BEGIN Exercise input

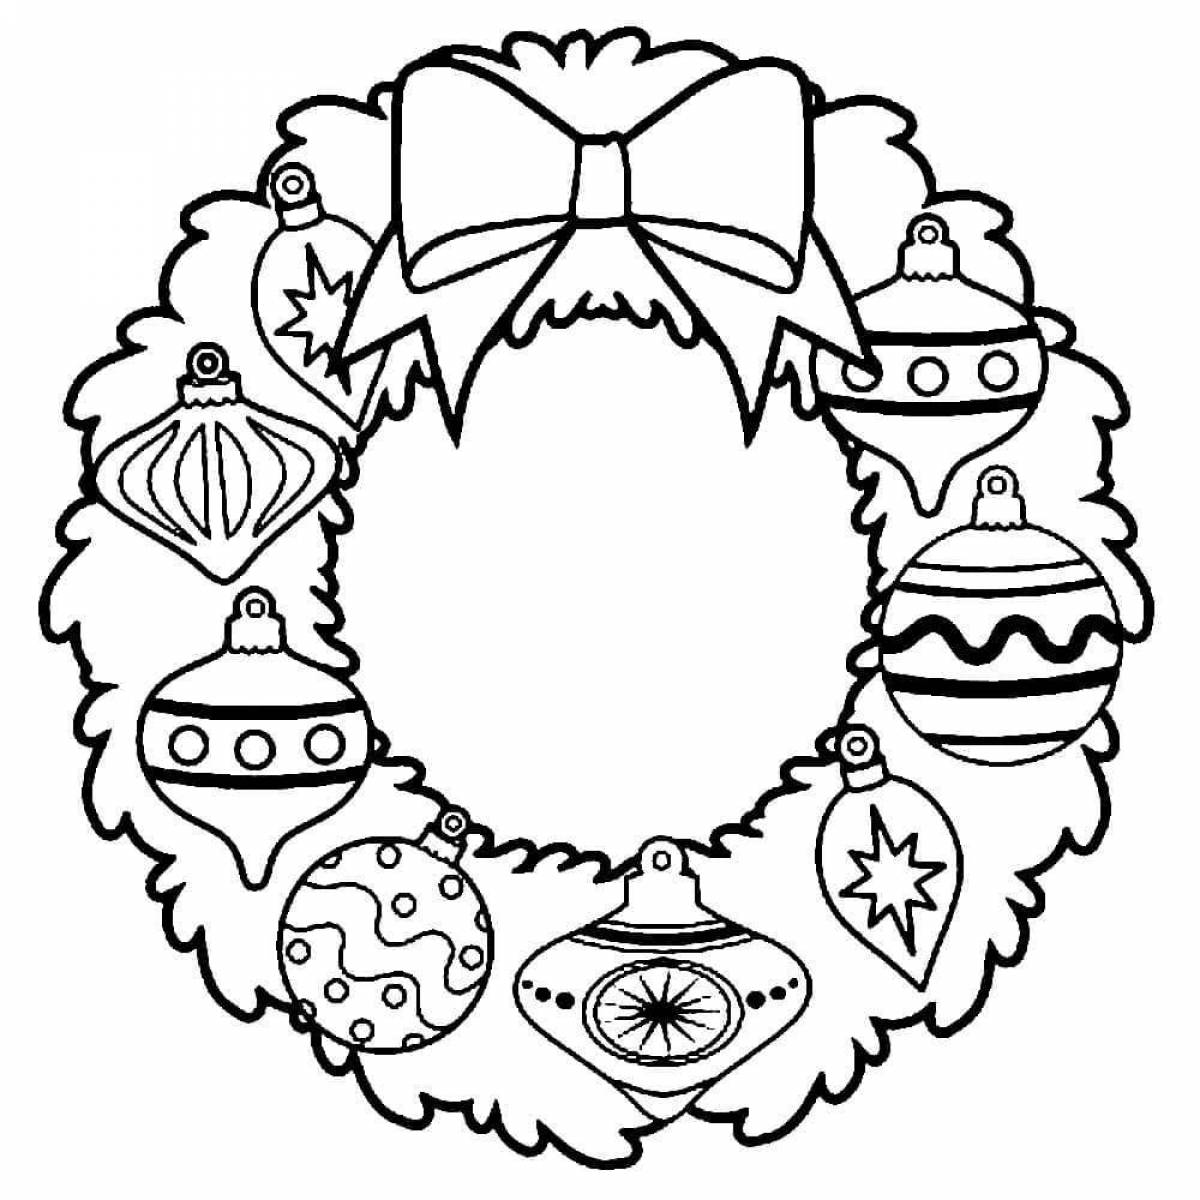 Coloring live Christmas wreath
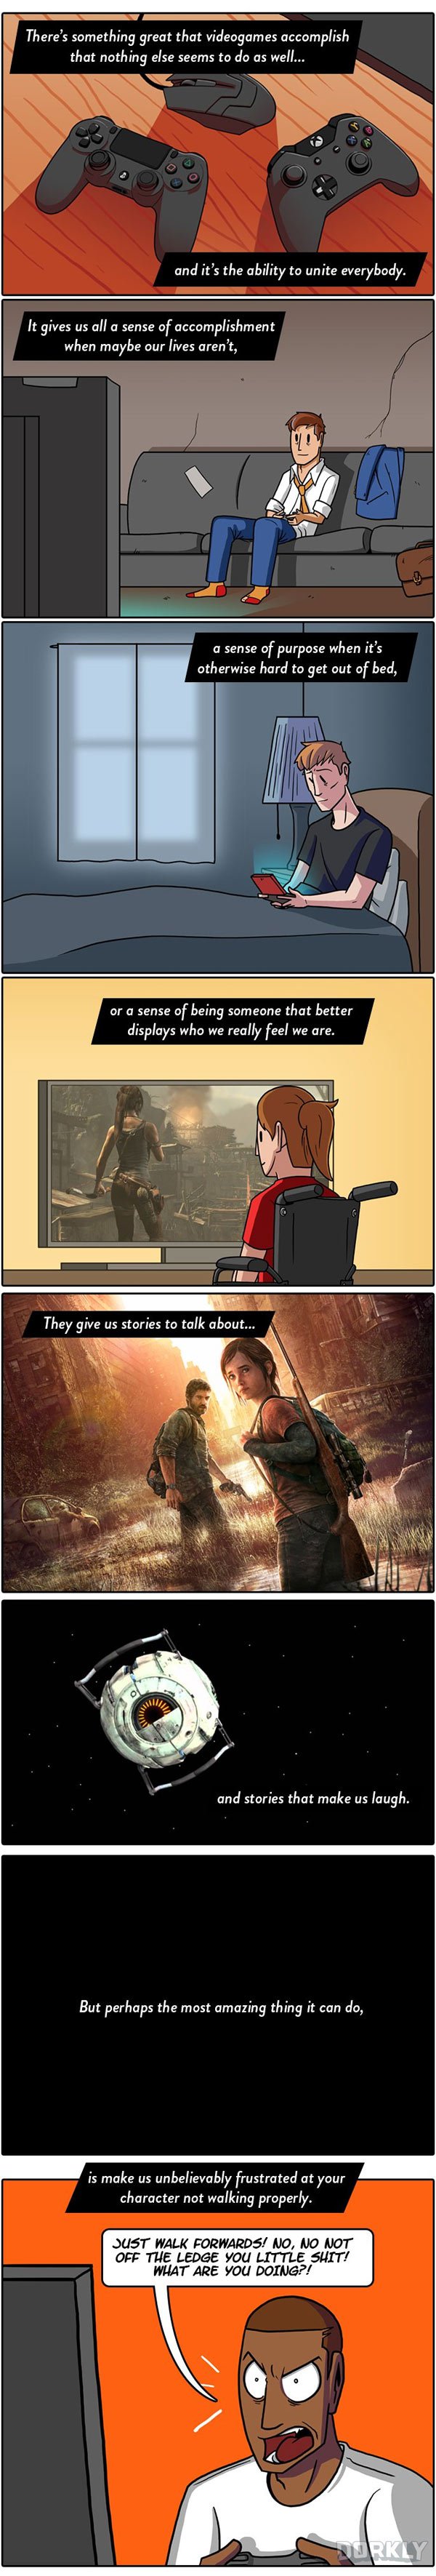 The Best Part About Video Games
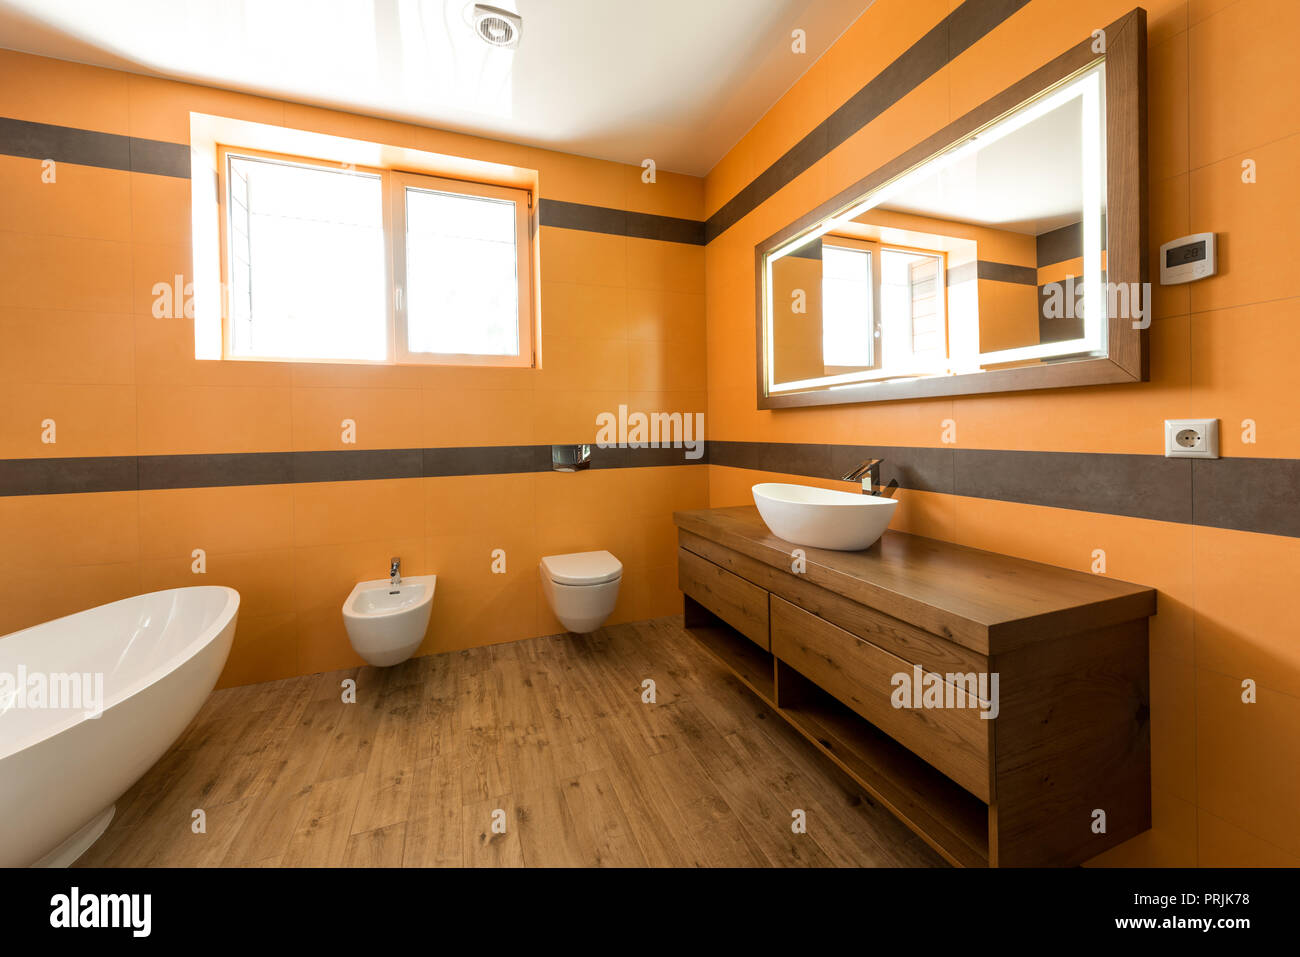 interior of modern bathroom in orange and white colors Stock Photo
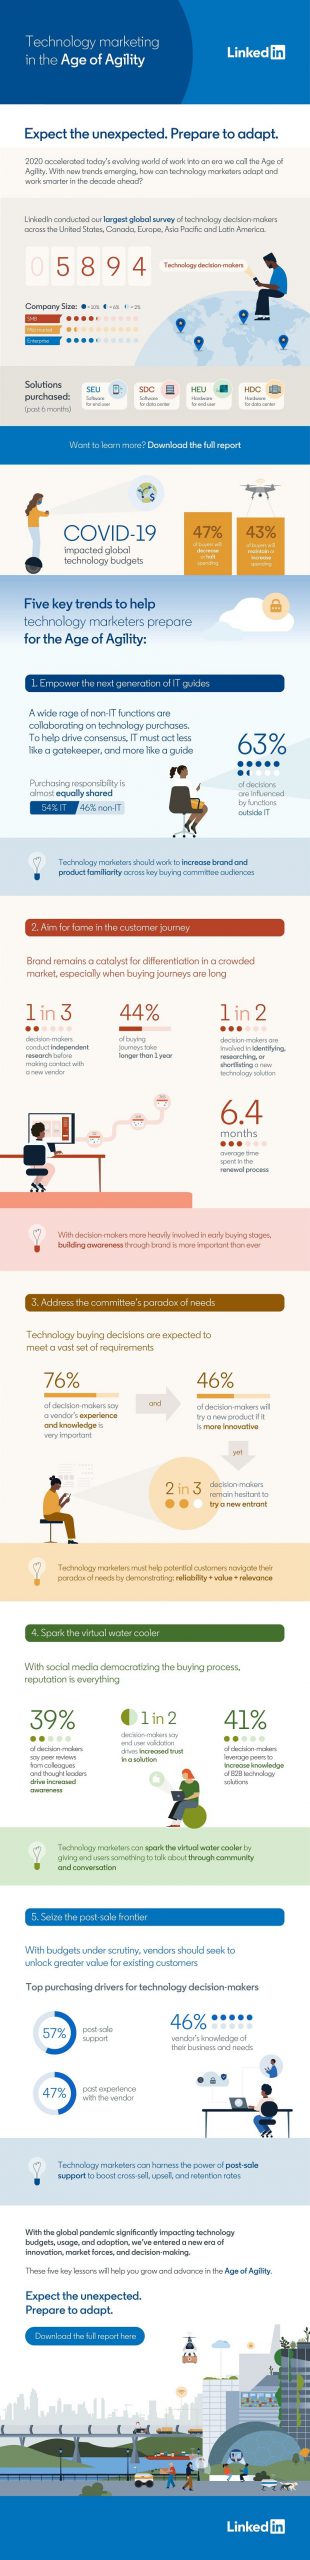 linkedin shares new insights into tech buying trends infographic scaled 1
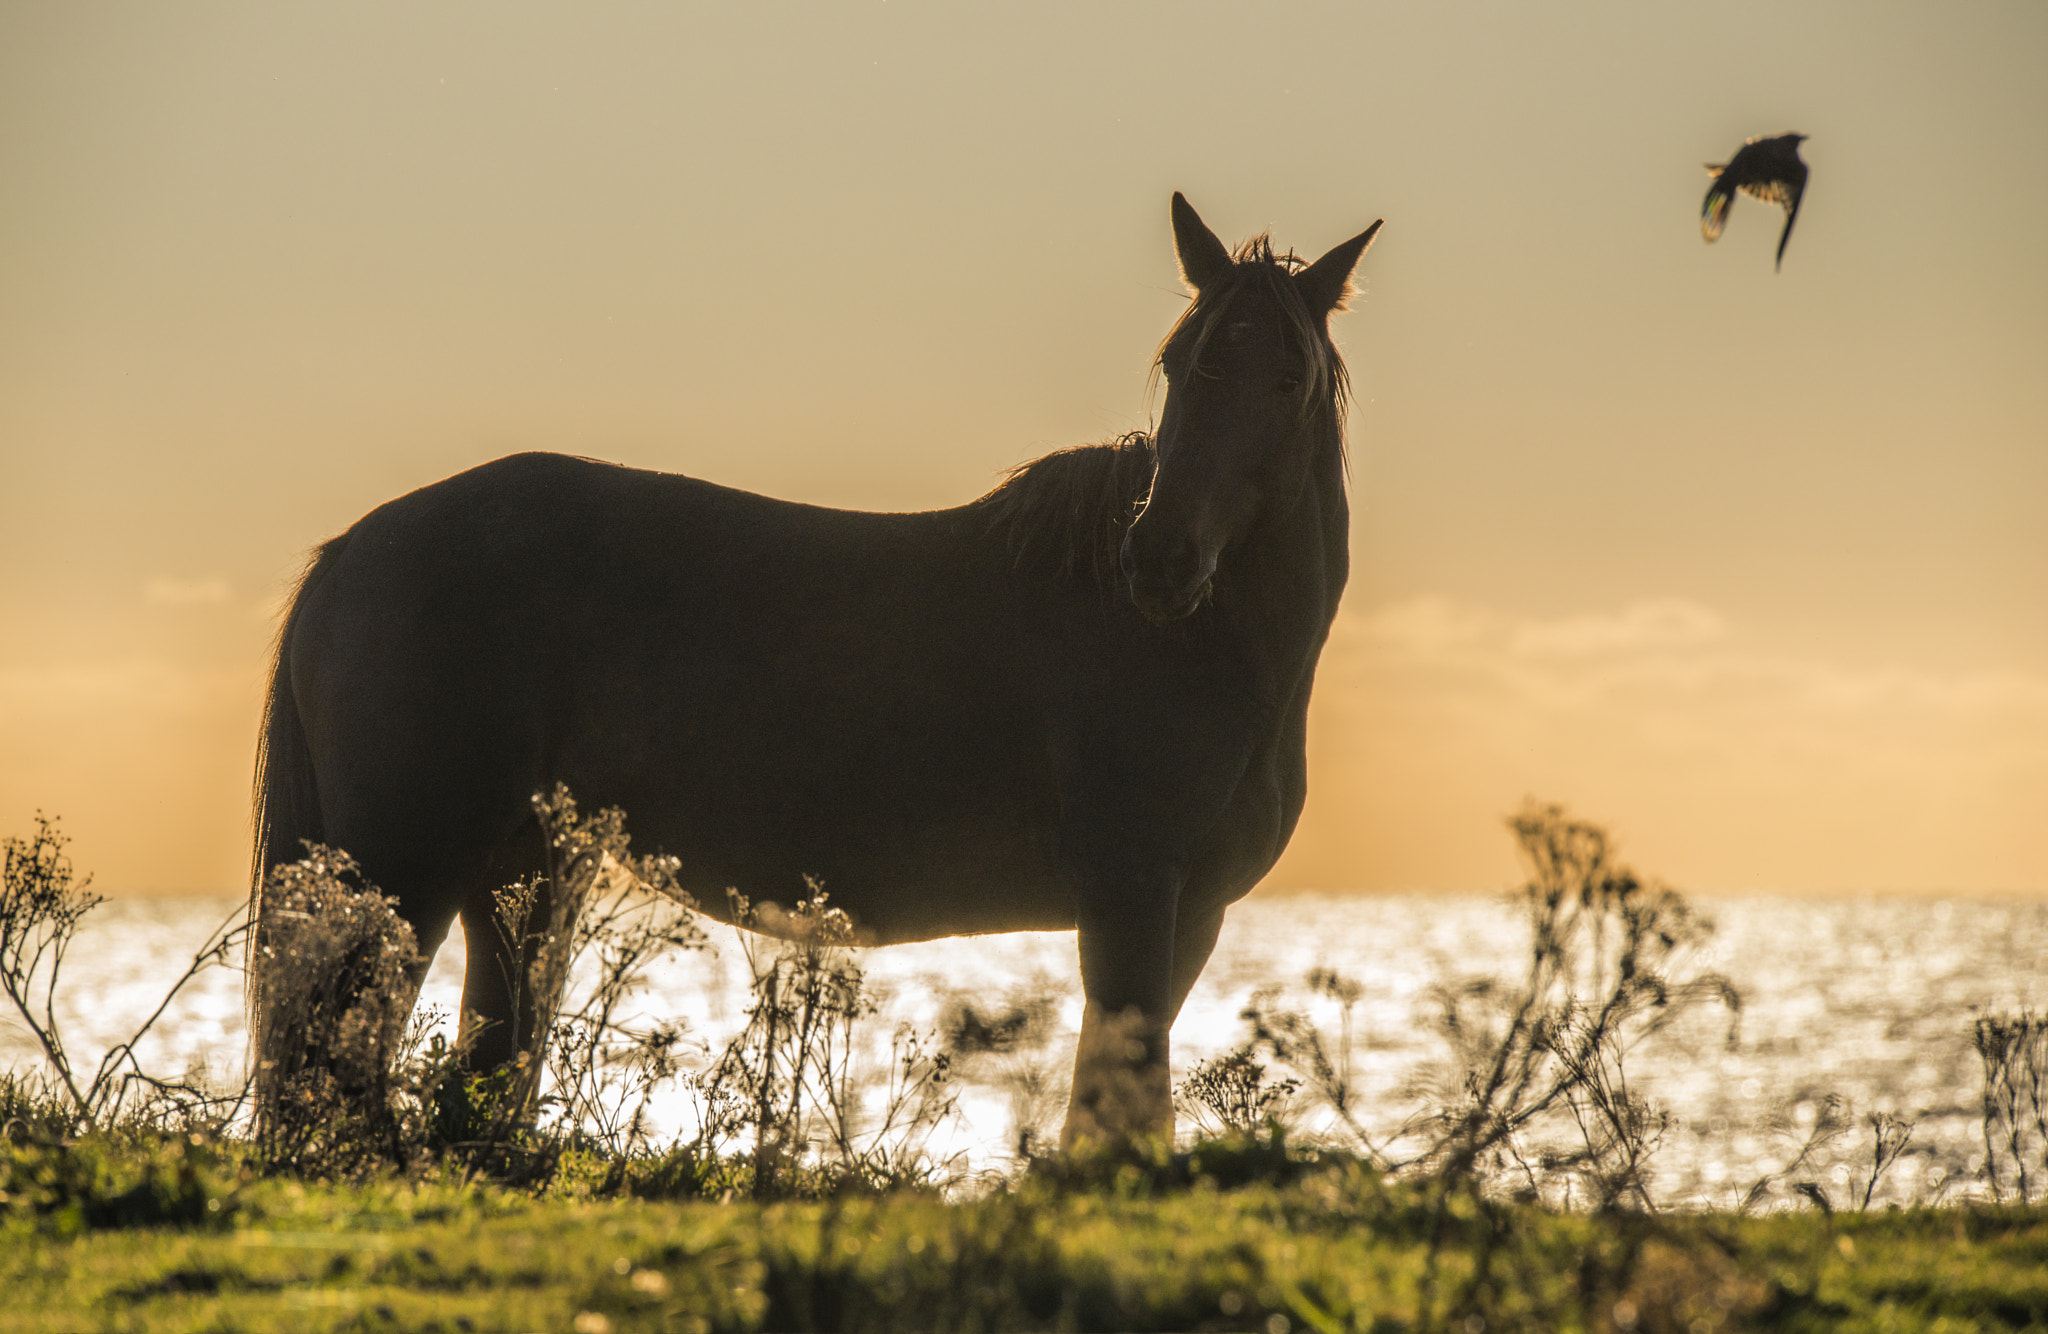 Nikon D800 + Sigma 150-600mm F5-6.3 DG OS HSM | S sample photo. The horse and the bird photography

END Exercise input

Problem: Please set the data above down exactly, with the pictures removed.

Answer section:
 Coloring live Christmas wreath
 The Best Part About Video Games
 interior of modern bathroom in orange and white colors Stock Photo
 linkedin shares new insights into tech buying trends infographic scaled 1
 Nikon D800 + Sigma 150-600mm F5-6.3 DG OS HSM | S sample photo. The horse and the bird photography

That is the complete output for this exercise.